NJ Left Behind points to a Wall St Journal editorial (behind a subscription firewall) about how Obama has threatened to veto House Appropriations Chairman David Obey's plan to cut money from Race To The Top and put it into grants to districts to avoid layoffs. The very first phrase:
Rare is the occasion when President Obama challenges his party's left wing...
Gitmo, offshore drilling, public option, Afghanistan, Race To the Top, bank bailouts... oh, yeah, the left-wing pandering is just too intense.
We've sometimes criticized the details of Race to the Top, which provides education grants to reform-minded states. But there's no doubt that the program has prodded otherwise reluctant state legislatures to allow more charter schools, among other reforms. President Obama and Secretary Duncan have also consistently promoted more charter schools and called for more teacher accountability.
Funny, because just a couple of weeks ago:
The vast majority of charter students does no better or worse than their regular public counterparts in math and reading scores (or on most of the other 35 outcomes examined). On the other hand, charter parents and students are more satisfied with their schools, and charters are more effective boosting scores of lower-income students.

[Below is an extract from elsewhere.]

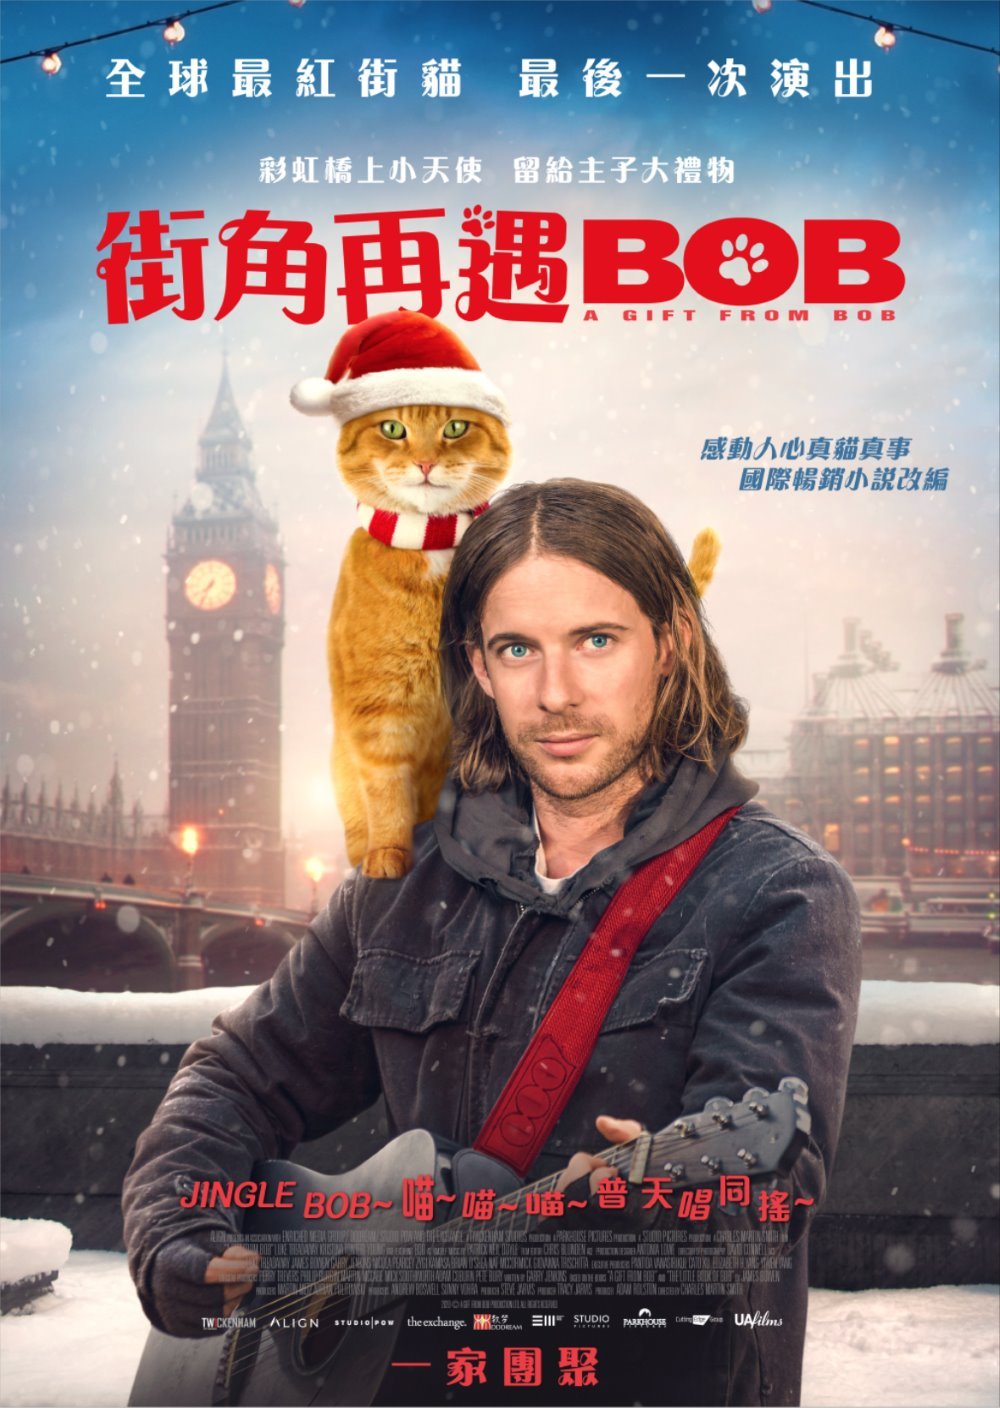 街角再遇Bob (Onyx版)電影圖片 - AGFB_Poster_HKFINAL.JPG_1608256367.jpg

The study, of course, is not without caveats (e.g., bias from limiting the sample to middle schools and “oversubscribed” charters only), and there was wide variation in charter performance.
But the thoroughness and sophistication of the methods, the inclusion of charters in multiple locations across the nation, and especially the use random assignment from charter lotteries, make this analysis among the most definitive on the topic to date...
As I've said, charters can be good fits for certain kids. But the charter mania that is sweeping the "centrist" political landscape - and that has always been part of the right-wing noise machine - is more about putting unions in their place than adopting teaching methods with proven success.

And then the WSJ gives us this:
Total education spending grew by 32% between 1999 and 2009, while K-12 enrollment has grown by less that 1% each year over the same time period.
Real dollars?!?!

Honestly, if you put that into print, wouldn't you be embarrassed? Rupert?